╭──

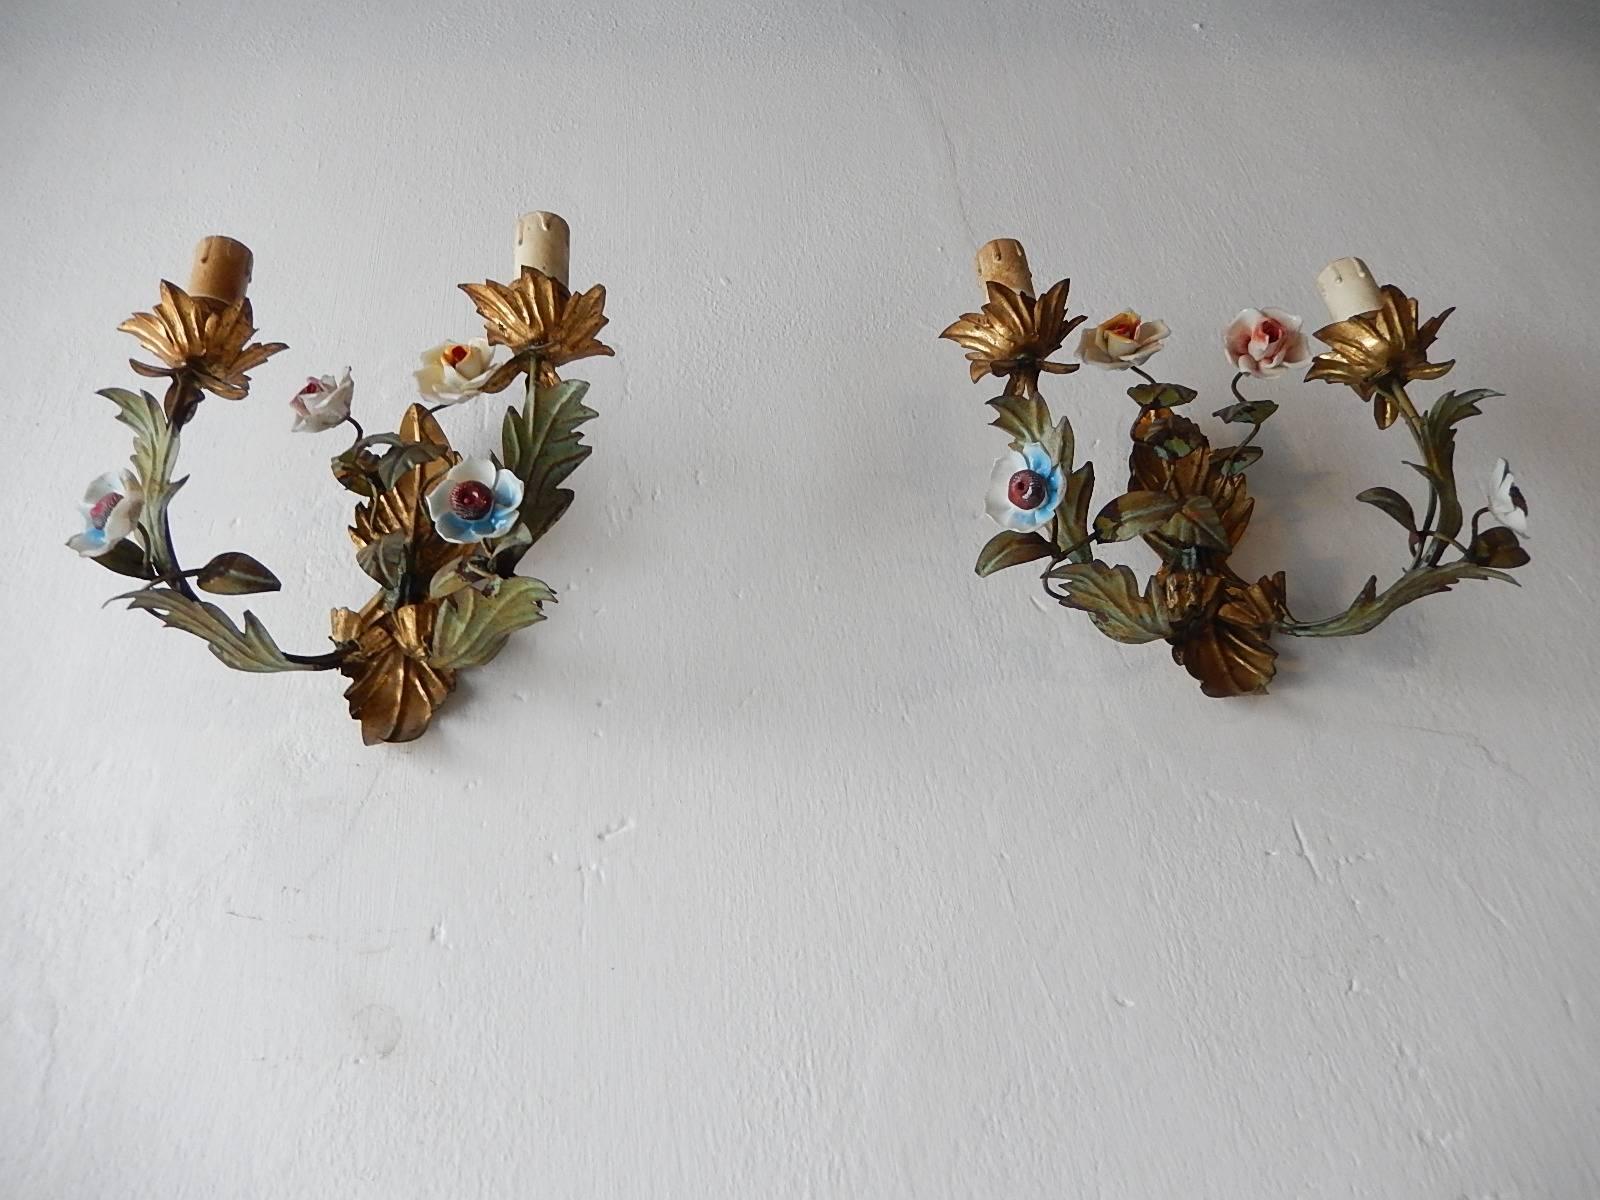 Housing two lights each. Gilt tole details. Original color tole. Handmade porcelain roses and flowers some chipping and flea bites as shown. Re-wired and ready to hang. Free priority shipping from Italy.
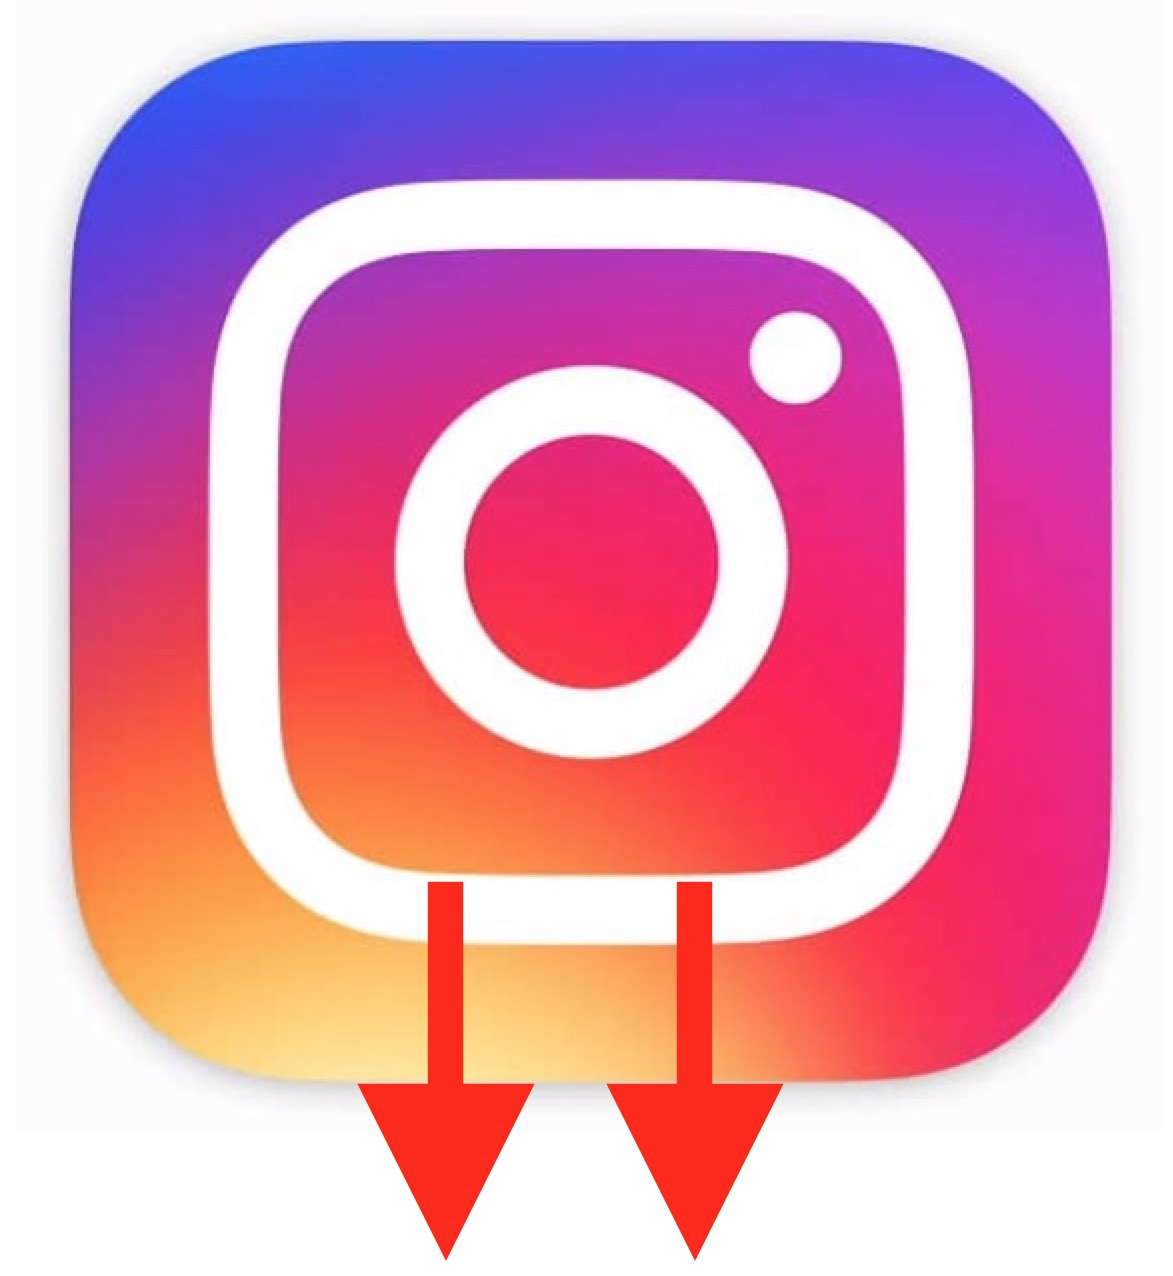 How to Download All Photos & Video from Your Instagram Account
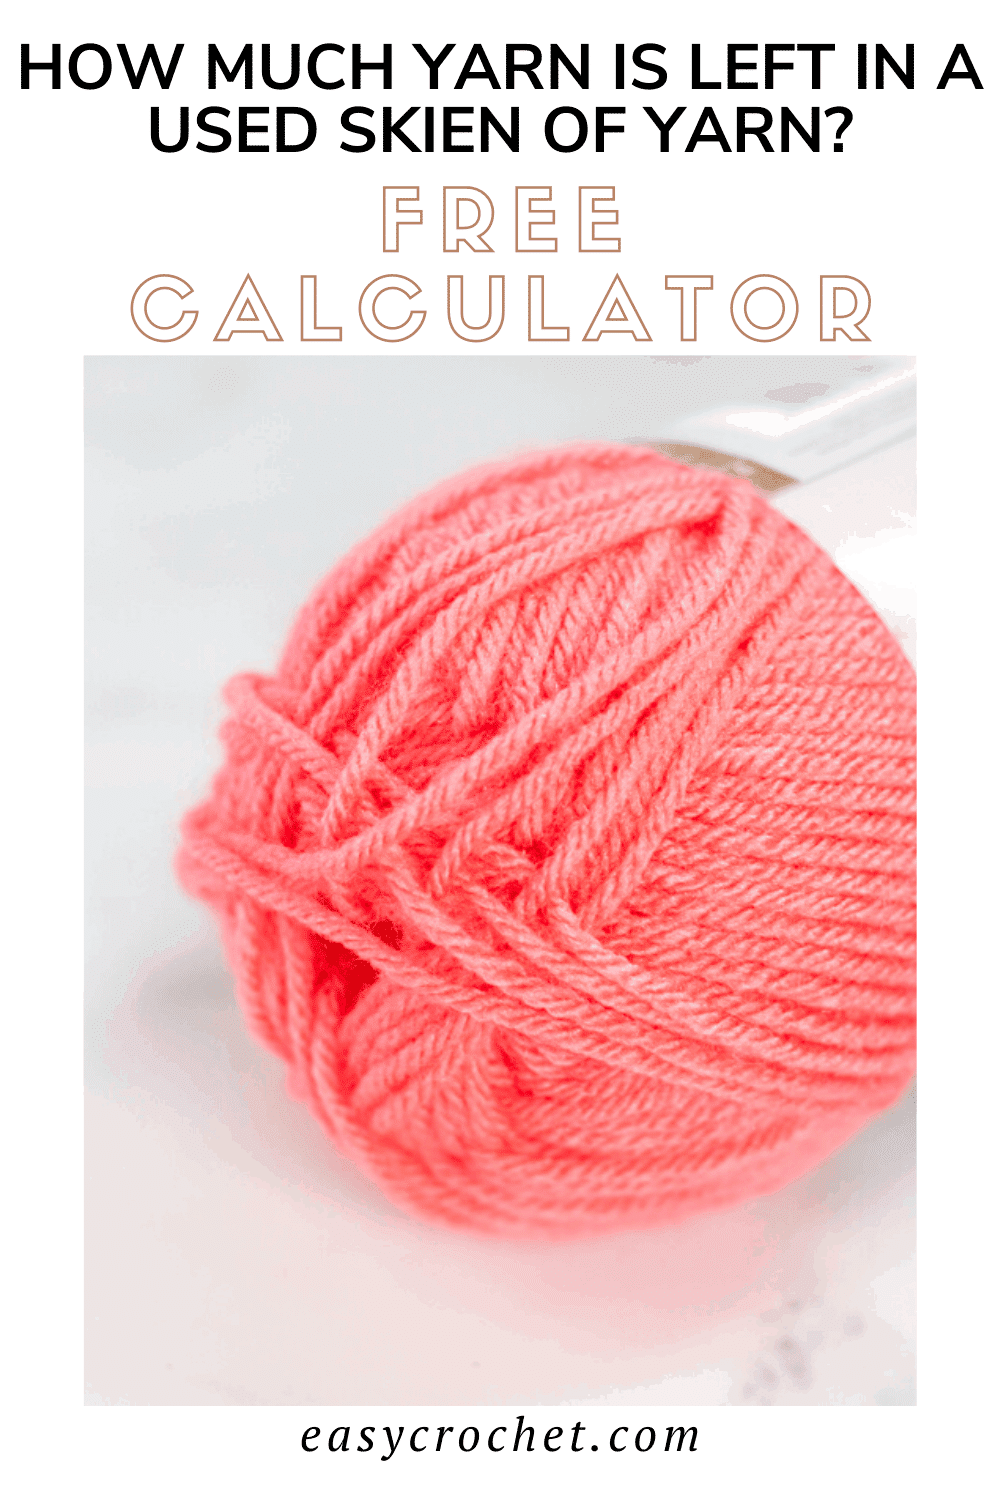 Free Yarn Yardage Calculator. Figure out how much yarn you used in a project! Free tool for crocheters & knitters! via @easycrochetcom

╰──

- [Directions for this task]: Pictures are to be left out, and each line from the one that contains "How to Download" through the end of the listing is to be copied exactly.

- [Expected answer]:
 How to Download All Photos & Video from Your Instagram Account
 Free Yarn Yardage Calculator. Figure out how much yarn you used in a project! Free tool for crocheters & knitters! via @easycrochetcom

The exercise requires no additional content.